Another type of drivetrain is the X-drive. This drive has more maneuverability, but reduced torque and pushing power relative to the standard tank drive.

While the increased maneuverability does offer an advantage in niche scenarios, X-drives are very weak against defense by others teams. For example, out of the 20 teams that won their division during Spin Up Worlds (i.e. top 20 teams in the world), all 20 of them used a tank drive.

There are another couple types of drivetrains, but these are not competitively viable in VEX Robotics.

Overall, the recommended drivetrain for both new and experienced teams is the standard tank drive.

Design Guidelines

Let's assume you're going with the tank drivetrain (please do!).

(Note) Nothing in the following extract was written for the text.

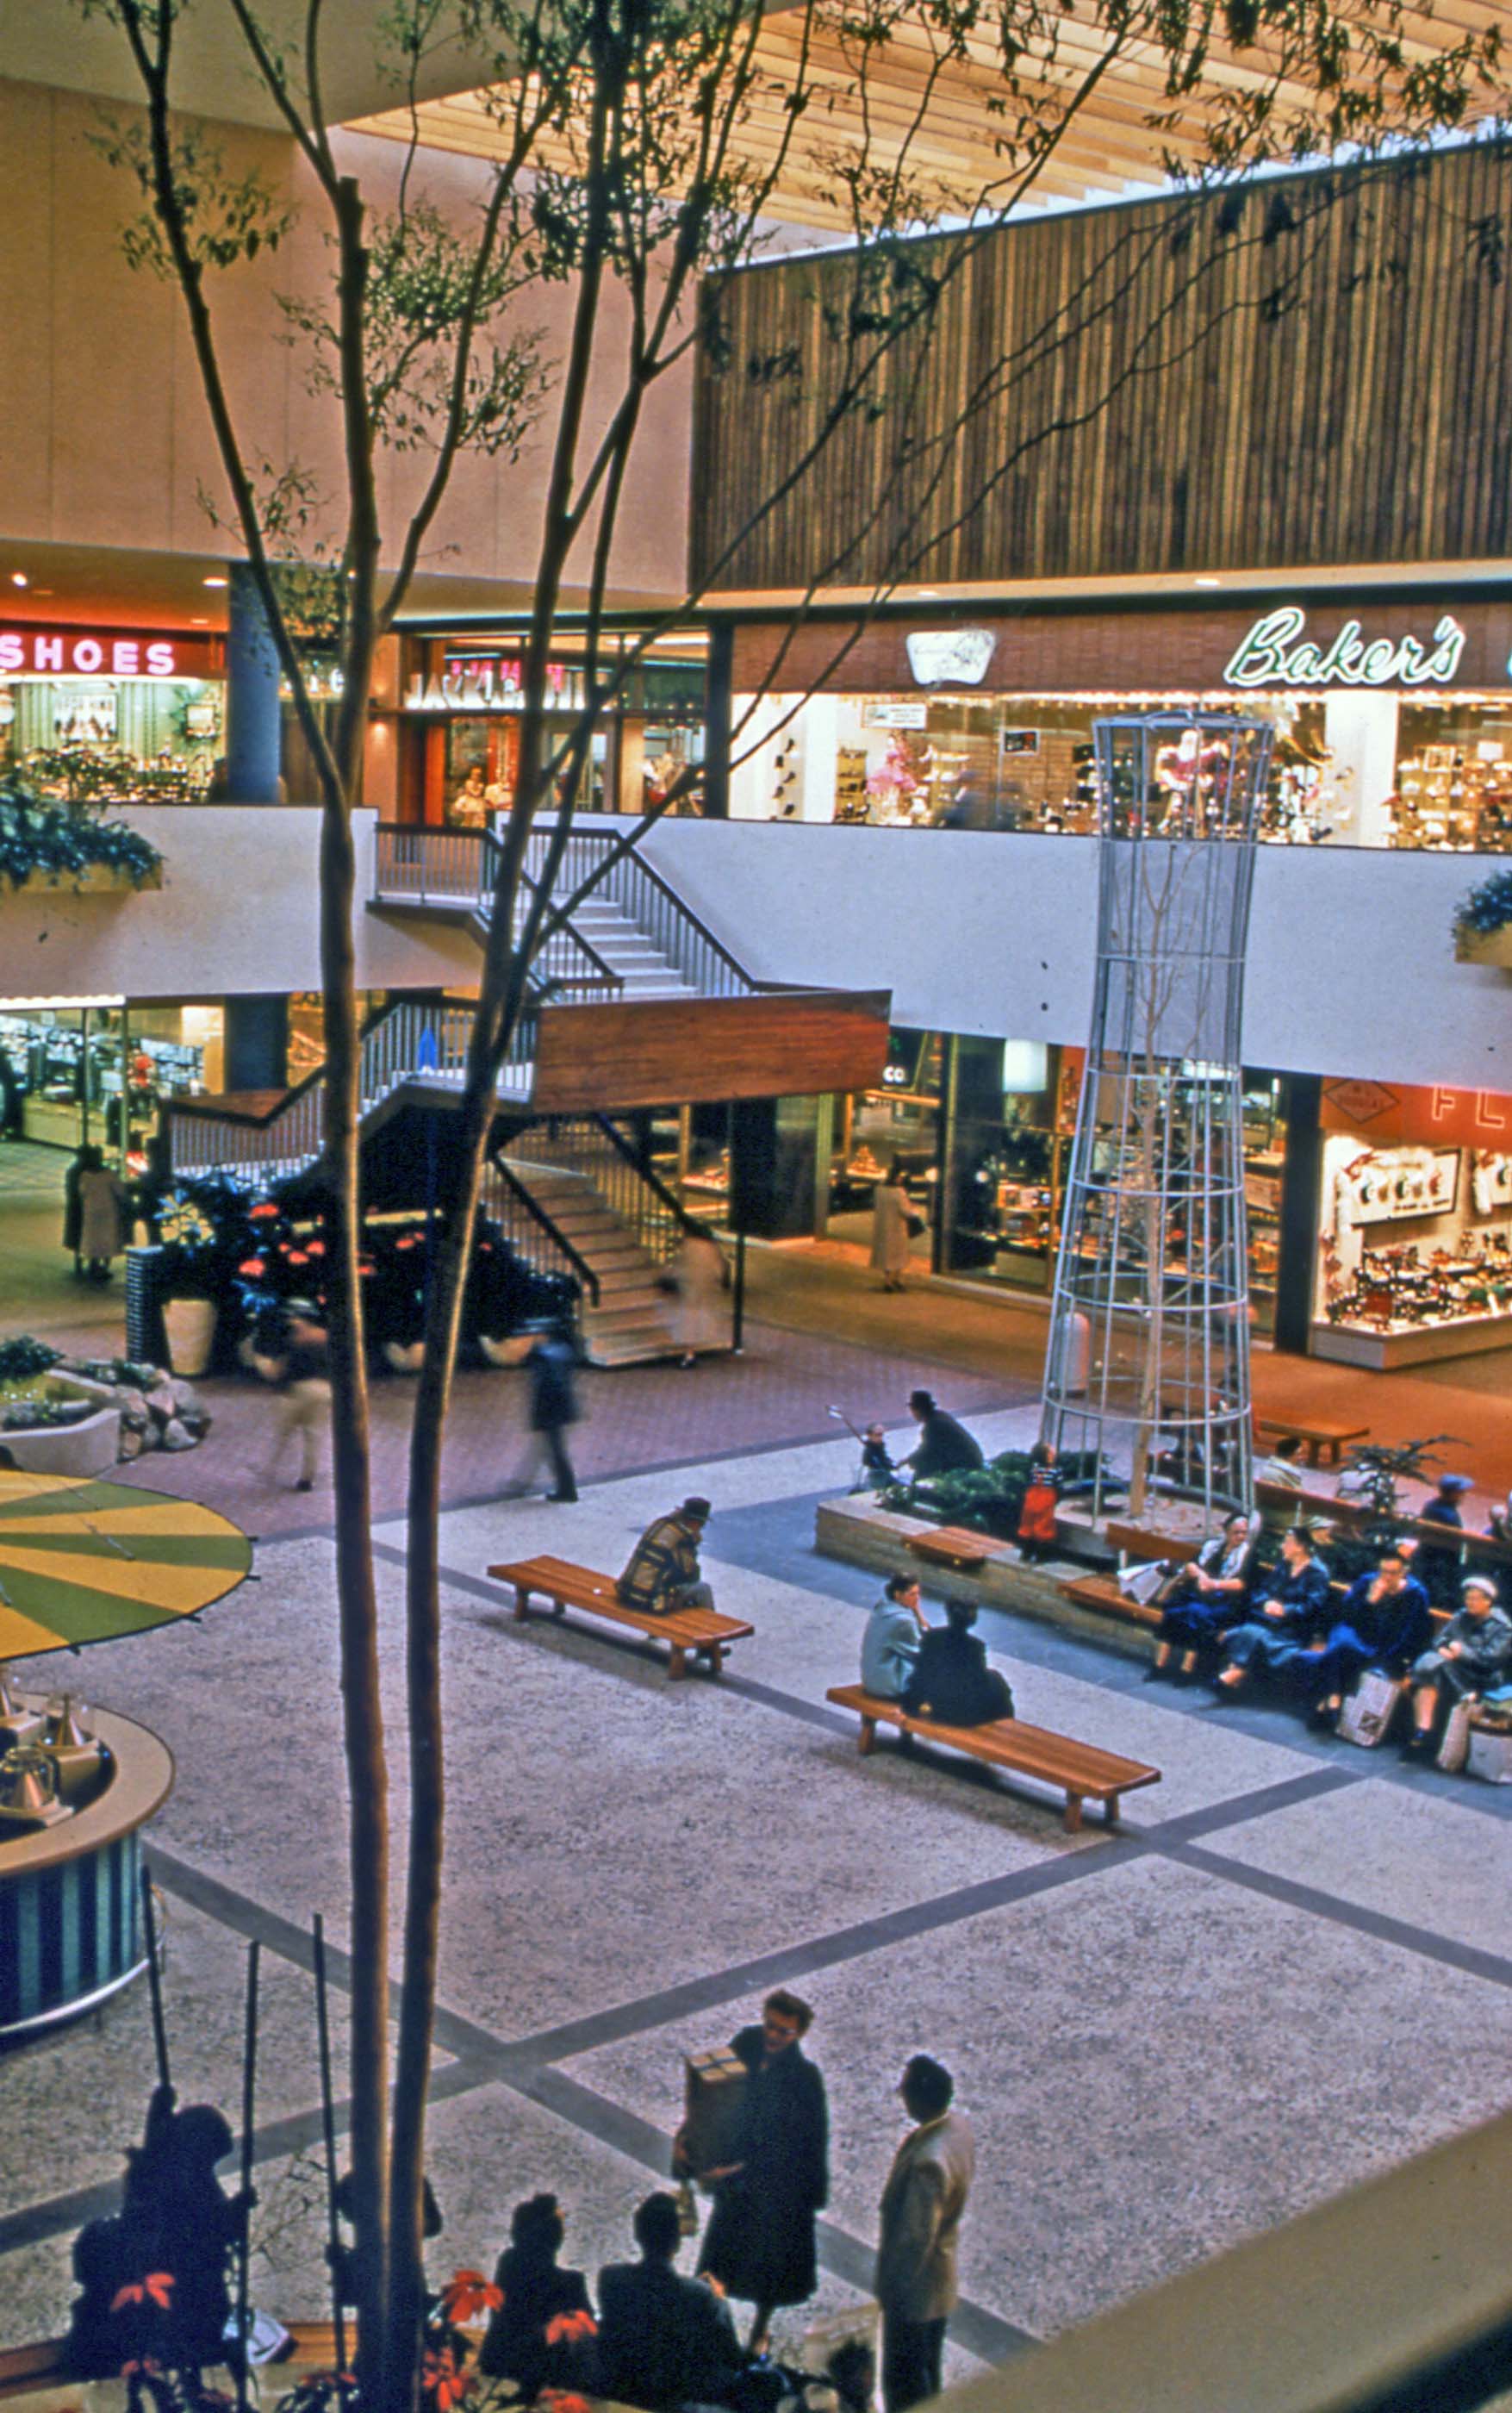 archival photo of a shopping mall with two levels and an escalator

Here's a few general guidelines to keep in mind while designing it.

Smaller is generally better, but don't make a drive so small that it can't fit other mechanisms on the top of the robot
Don't use any more gears than is absolutely necessary, to reduce friction
Have the wheels as far apart as possible, which makes it harder for the robot to tip over
Use 2-3 cross-braces, and have them as far apart as possible. This keeps the chassis from bending under heavy defense

Here's another example CAD that follows these guidelines. Always CAD the drivetrain before building it!

Additional Resources

Here's two videos on how to square the chassis--this is very important for having consistent autonomous and a low friction drivetrain.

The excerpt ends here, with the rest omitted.